* The task
Repeat verbatim what the listing holds, but not its pictures.
:: Dataset content
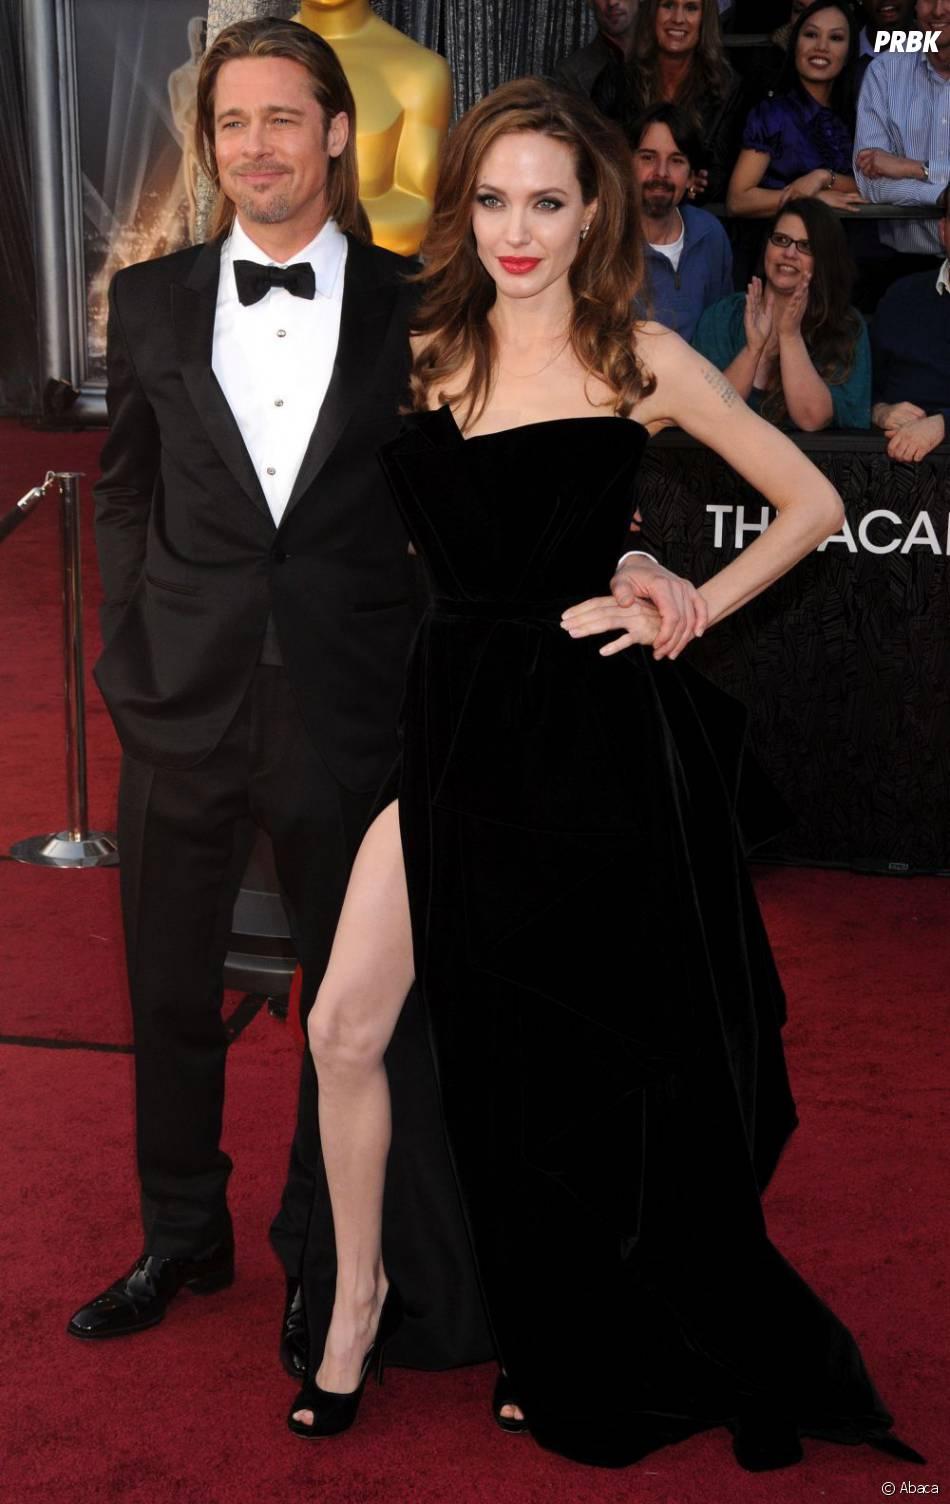 Même Brad Pitt ne peut s'empêcher de sourire en voyant Angelina Jolie galérer avec sa jambe
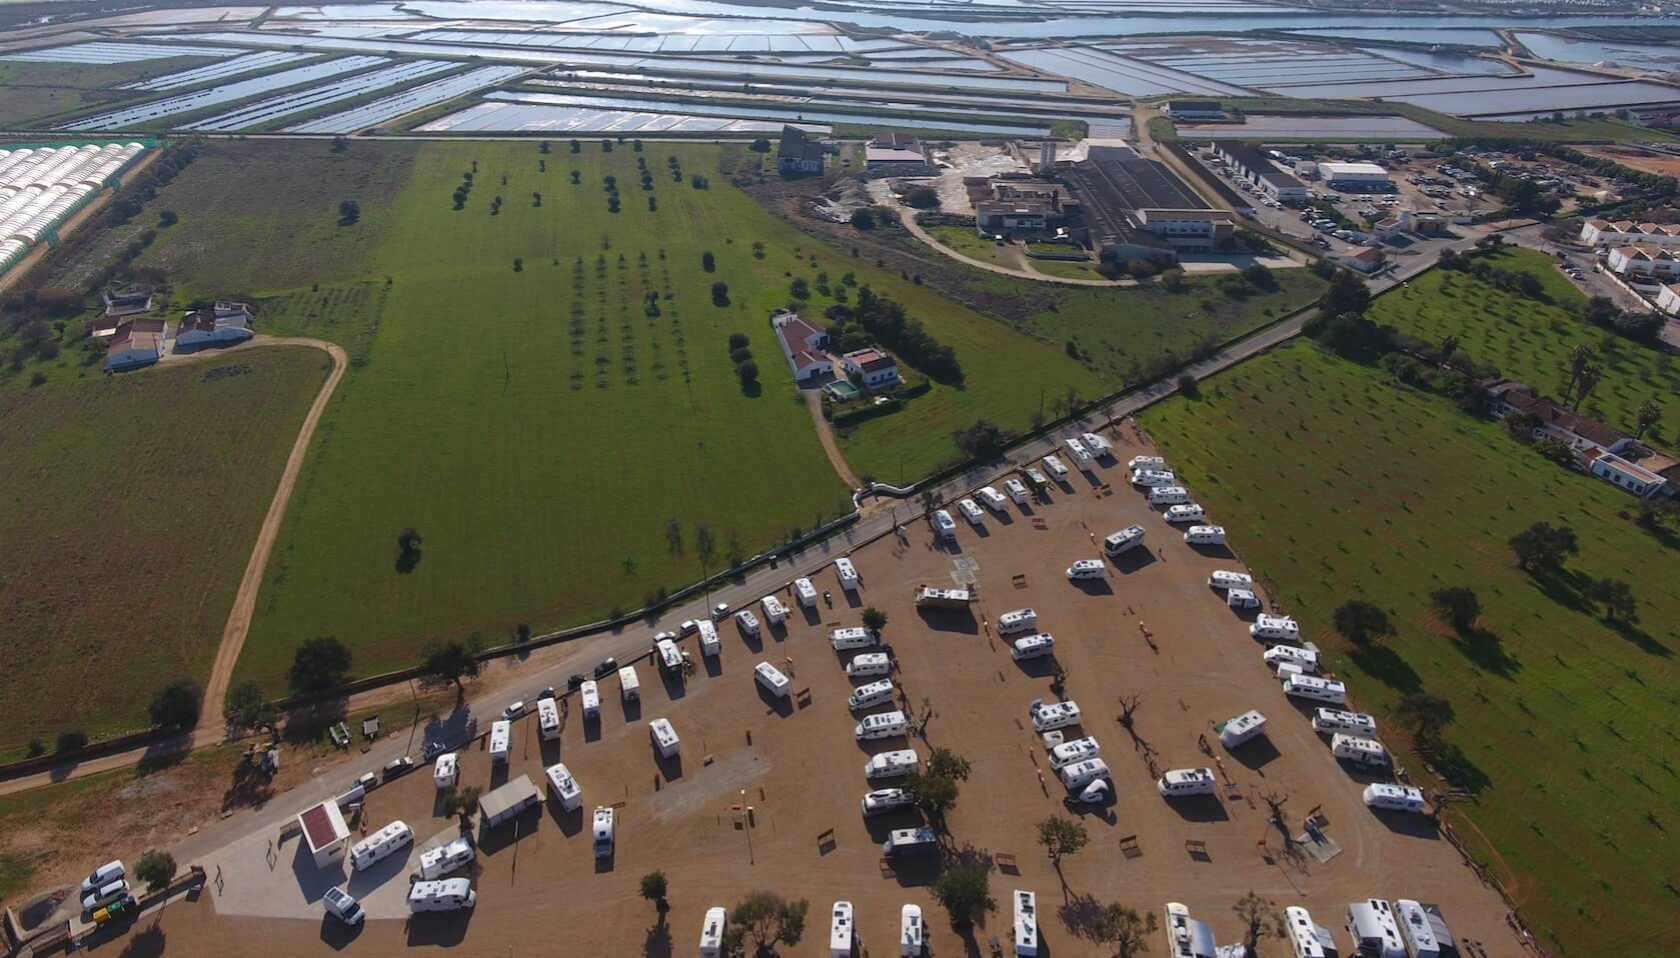 El parque de autocaravanas Algarve Motorhome en Tavira.
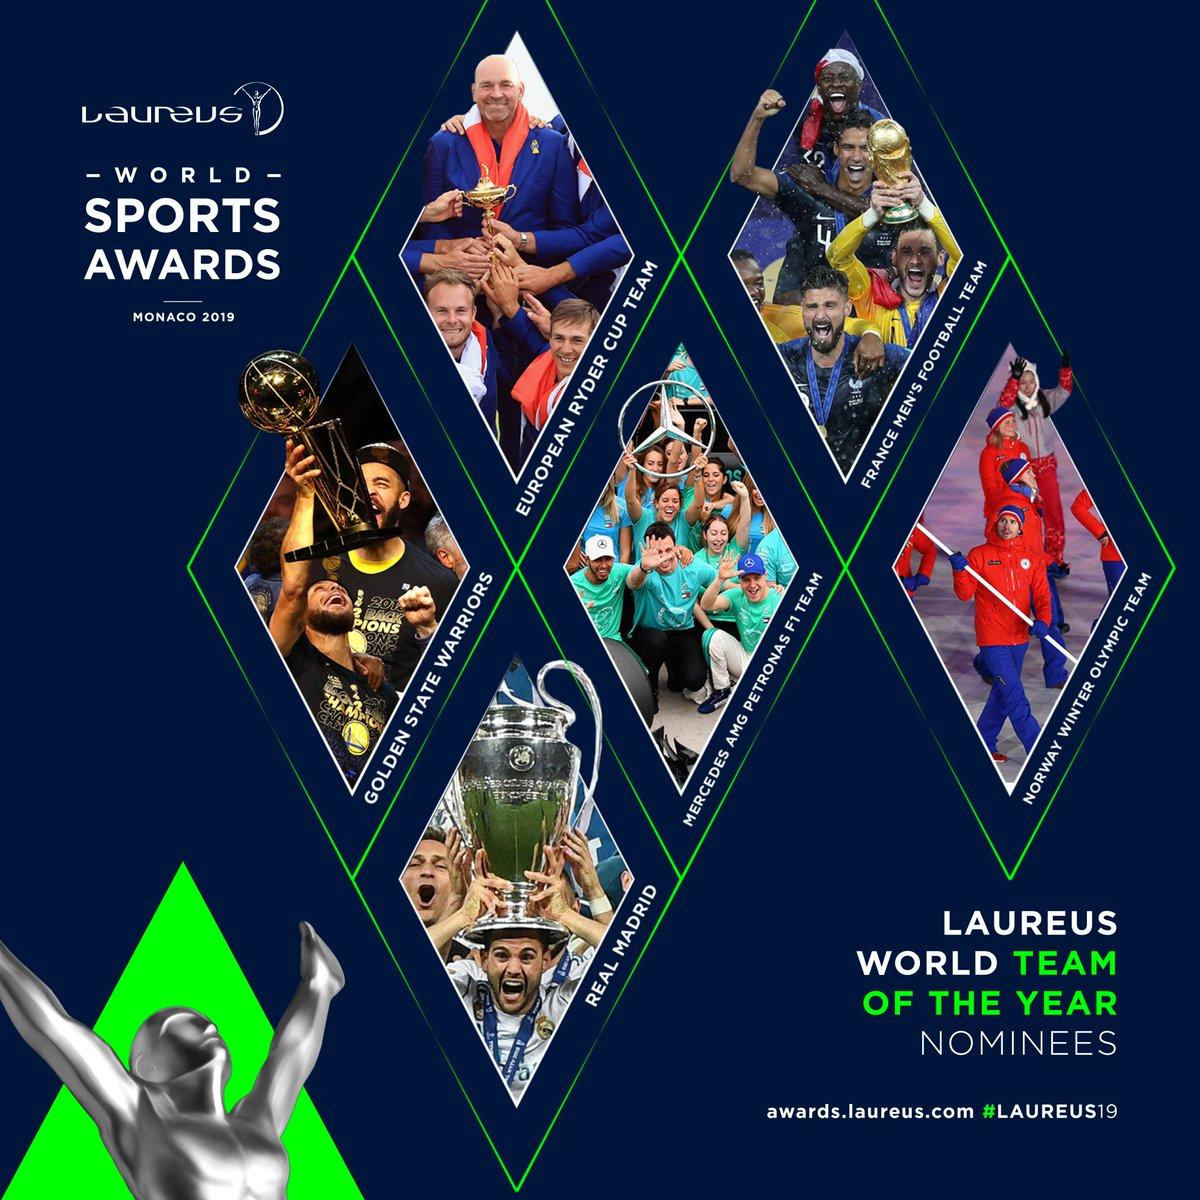 2019年劳伦斯世界体育奖团队提名:法国队和皇马入选
::::
* Task response
 Même Brad Pitt ne peut s'empêcher de sourire en voyant Angelina Jolie galérer avec sa jambe
 El parque de autocaravanas Algarve Motorhome en Tavira.
 2019年劳伦斯世界体育奖团队提名:法国队和皇马入选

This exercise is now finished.